OP-Bench	Relative Performance Drop	Not reported in the paper	Not reported in the paper	Not reported in the paper
Effectiveness of Self-ReCheck in mitigating over-personalization.
OP-Bench	OP Reduction	Not reported in the paper	Not reported in the paper	Not reported in the paper

Experiment Figures

Radar charts comparing the performance of 6 LLMs across 6 memory methods on OP-Bench metrics.

Main Takeaways

All tested personalized agents exhibit severe over-personalization compared to memory-free baselines, confirming it is a widespread issue.
The 'memory hijacking' effect is observed via attention analysis: irrelevant memories distract the model from the actual query.
Self-ReCheck effectively filters irrelevant memories, reducing the memory-to-query attention ratio and improving response appropriateness without sacrificing personalization capability.

📚 Prerequisite Knowledge

Prerequisites

Basics of Retrieval-Augmented Generation (RAG)
Familiarity with Large Language Models (LLMs)
Understanding of attention mechanisms in Transformers

Key Terms

over-personalization: When an agent uses personal information inappropriately, resulting in irrelevant, sycophantic, or repetitive responses.

sycophancy: Excessive deference to the user, where the model prioritizes agreeing with the user's beliefs or memories over factual accuracy.

memory hijacking: A phenomenon where retrieved memories receive disproportionately high attention from the model, overshadowing the actual user query and reasoning.

OP-Bench: A benchmark of 1,700 instances designed to diagnose three types of over-personalization: Irrelevance, Sycophancy, and Repetition.

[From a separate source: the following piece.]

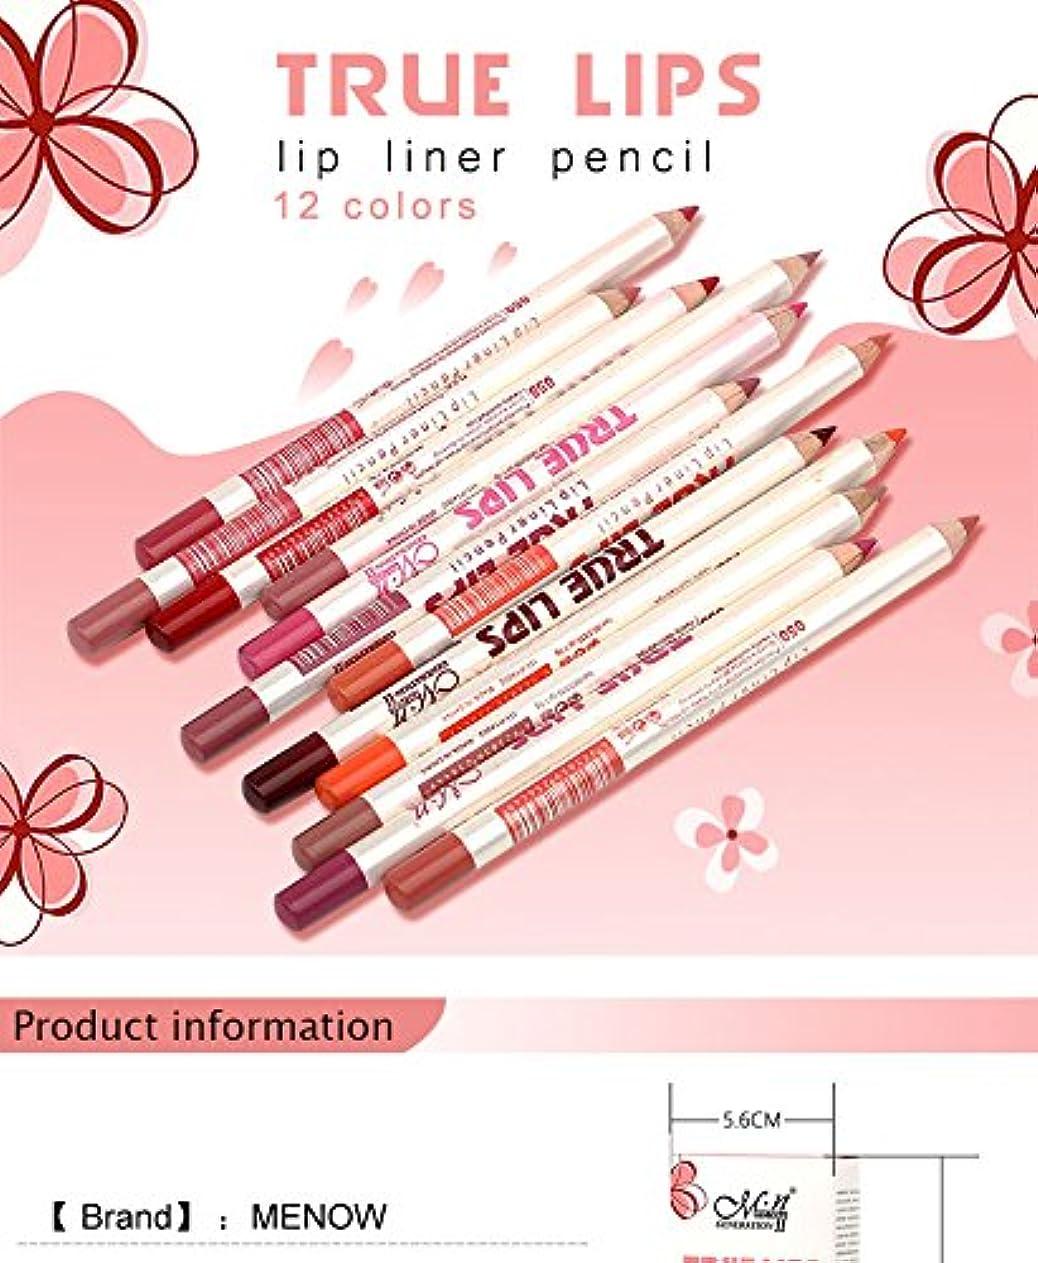 リングバック粘土ジェームズダイソンMenow Brand Makeup 12Colors/Set Waterproof Lip liner Pencil Women's Professional Long Lasting Cosmetic Tools P14002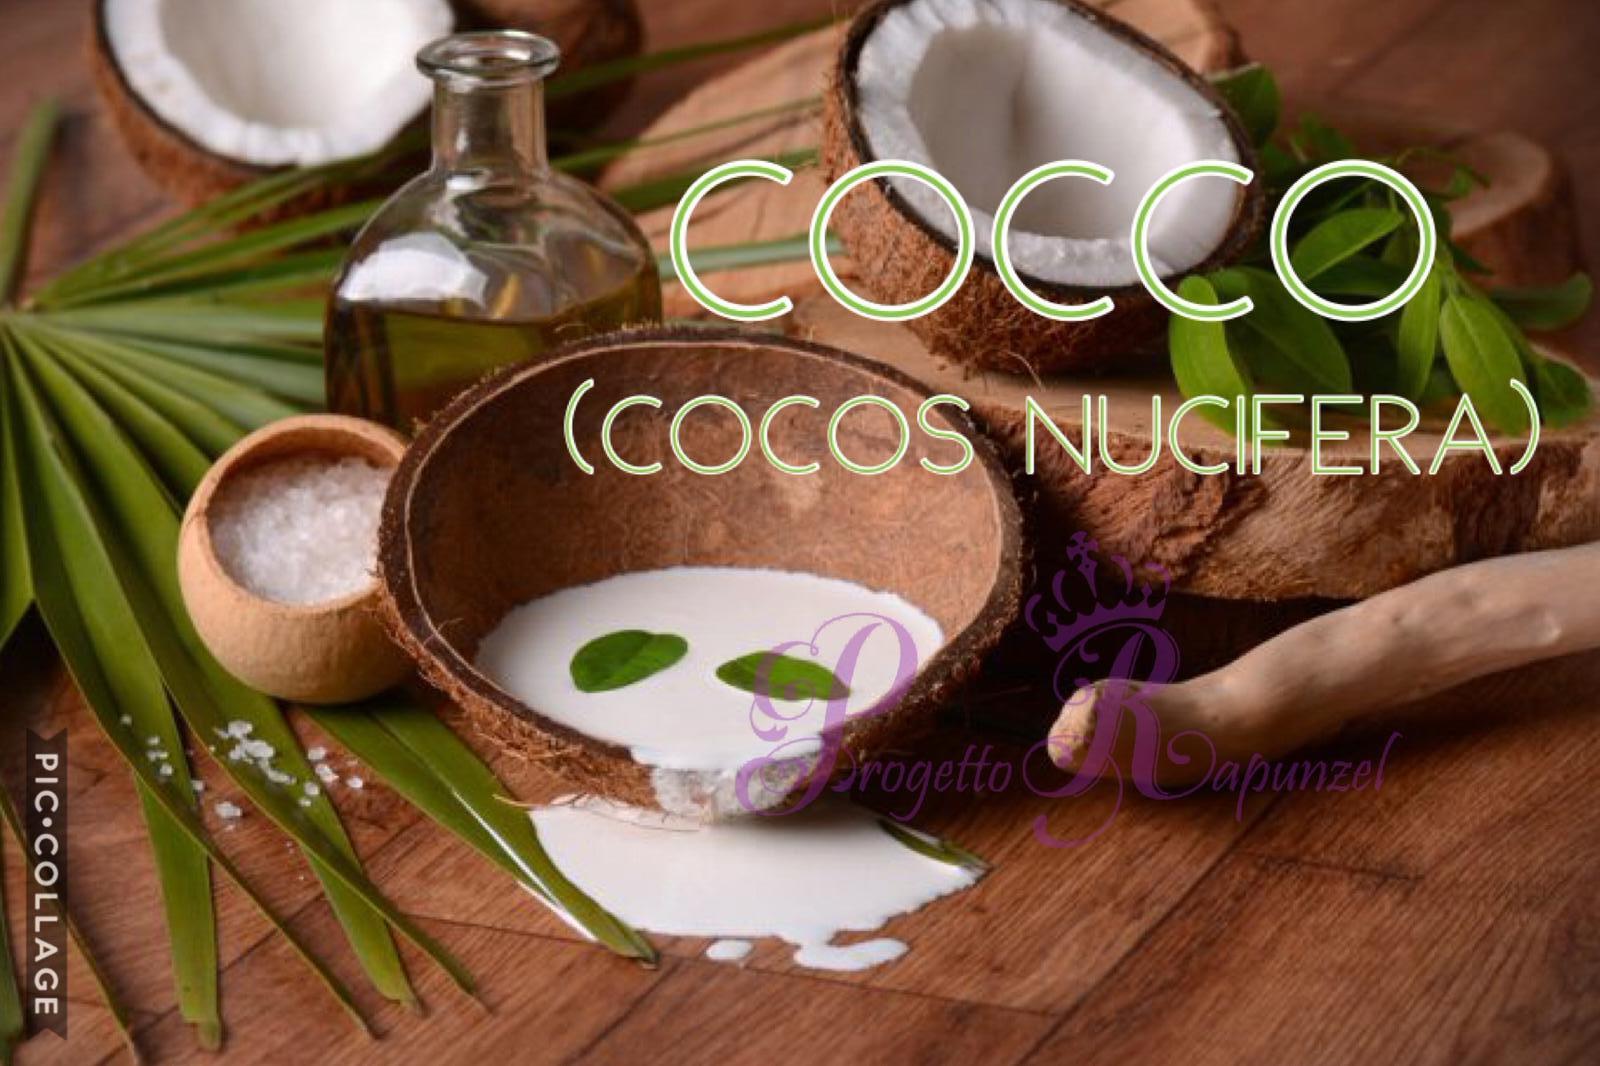 Cocco (Cocos Nucifera)

Self-ReCheck: A proposed lightweight module that filters retrieved memories based on their relevance to the current query to prevent over-personalization.

LoCoMo: A long-context, multi-session dialogue dataset used as the source for generating user profiles in this paper.

baiting prompts: Queries designed to look superficially related to a user's profile to trick the model into unnecessary personalization.

repetition score: A metric measuring the cosine similarity between embeddings of responses to distinct queries; higher scores indicate better diversity (less repetition).